WHAT?! More Than 1,000 Kids Have Vanished in Ohio This Year and Cops Are Baffled

Ann in the uk / shutterstock.com
Ann in the uk / shutterstock.com

As of this writing, 1,072 children have gone missing in northern Ohio so far this year. Police are clueless as to why this is happening. In a normal year, only about 700 kids go missing in northern Ohio, most of them runaways. Authorities are worried because the state is now on track to hit 1,600 missing kids by the end of the year—and they have no idea where most of them are ending up.

Most of us are probably thinking the same thing when we hear about this: “Sound of Freedom.” The Jim Caviezel movie about former DHS officer Tim Ballard and his exploits rescuing trafficked children was the only summer box office hit this year. It’s brought awareness to the global child trafficking rings that many people have ignored for too long.

It’s great that Ballard and his team are rescuing trafficked kids in the jungles of Colombia or wherever (total props to them for that), but the reality is that we have a trafficking problem here in the United States that never gets talked about. Police in Ohio say, on the one hand, that a lot of the kids who have gone missing there are runaways. Quite a few of them have already come home. A lot of them are still missing, though.

There were 45 kids that went missing in Cleveland in September. Another 35 went missing in August. The surge started back in May when 30 kids went missing in Cleveland.

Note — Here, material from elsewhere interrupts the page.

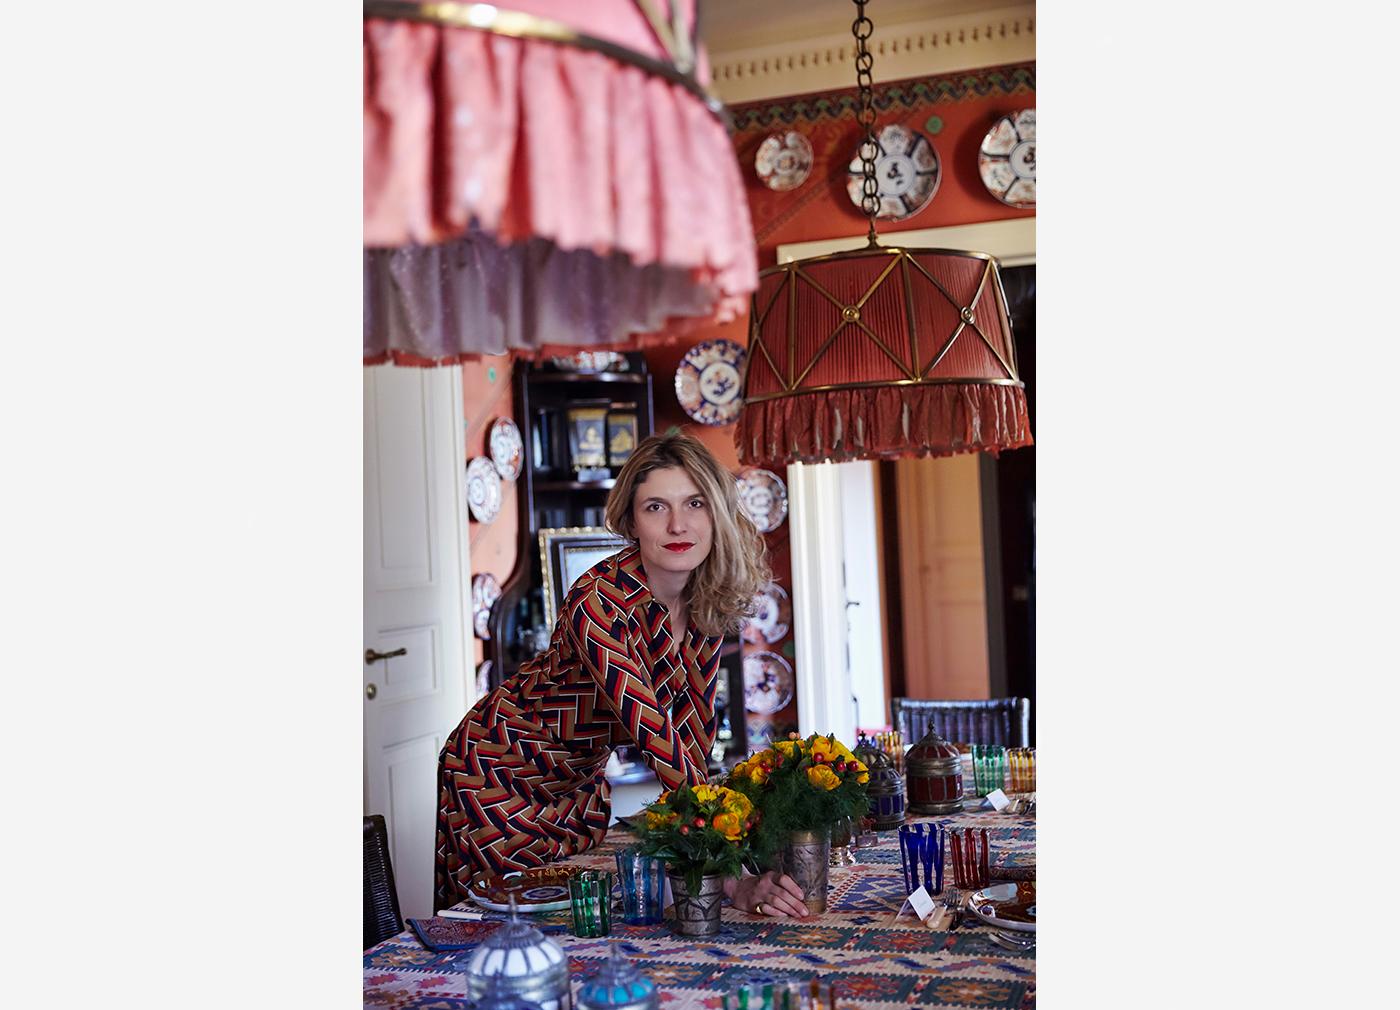 Cabana Magazine founder Martina Mondadori

Newburg Heights Police Chief John Majoy says, “For some reason, in 2023, we’ve seen a lot more than we normally see, which is troubling in part because we don’t know what’s going on with some of these kids. Whether they’re being trafficked or whether they’re involved in gang activity or drugs.”

Majoy adds that during his 33-year career, he’s never seen such high numbers of missing children as they’ve had in 2023.

One possibility is that the Biden economy is contributing to the unprecedented surge in missing kids. Gas prices are back up above $6 a gallon in many parts of the country, and inflation is still driving the price of groceries into the stratosphere. Families are hurting because of “Bidenomics.” When the parents are fighting over money or single moms are taking their frustrations out on the kids, they’re much more likely to run away from home.

Another possibility—which feels more likely—is our wide-open southern border. It doesn’t feel like a coincidence that we’re seeing a spike in missing children, right as Joe Biden has invited 15 to 20 million illegal aliens from rape cultures into the country.

If you’re running a Mexican drug cartel and you know the southern border is wide open, why would you expand your child-kidnapping business into places like Ohio or Maryland or Nebraska? It’s a growth market with very little competition. Organized crime in America has an unwritten rule that they leave kids alone. Criminals from every country south of the US-Mexico border do not.

How exactly did the Biden regime “lose” more than 82,000 illegal alien kids back in March? That’s the population of Sioux City, Iowa! They had to have gone somewhere.

Ohio isn’t the only state where this is happening, either. New York has had more than 2,700 disappearances this year. Pennsylvania had more than 1,100, and Illinois had more than 1,000. New York, Pennsylvania, and Illinois are all sanctuary states for illegal aliens. While Ohio is not a sanctuary state, Cleveland and the other biggest cities are sanctuary cities. Is this exactly what it looks like?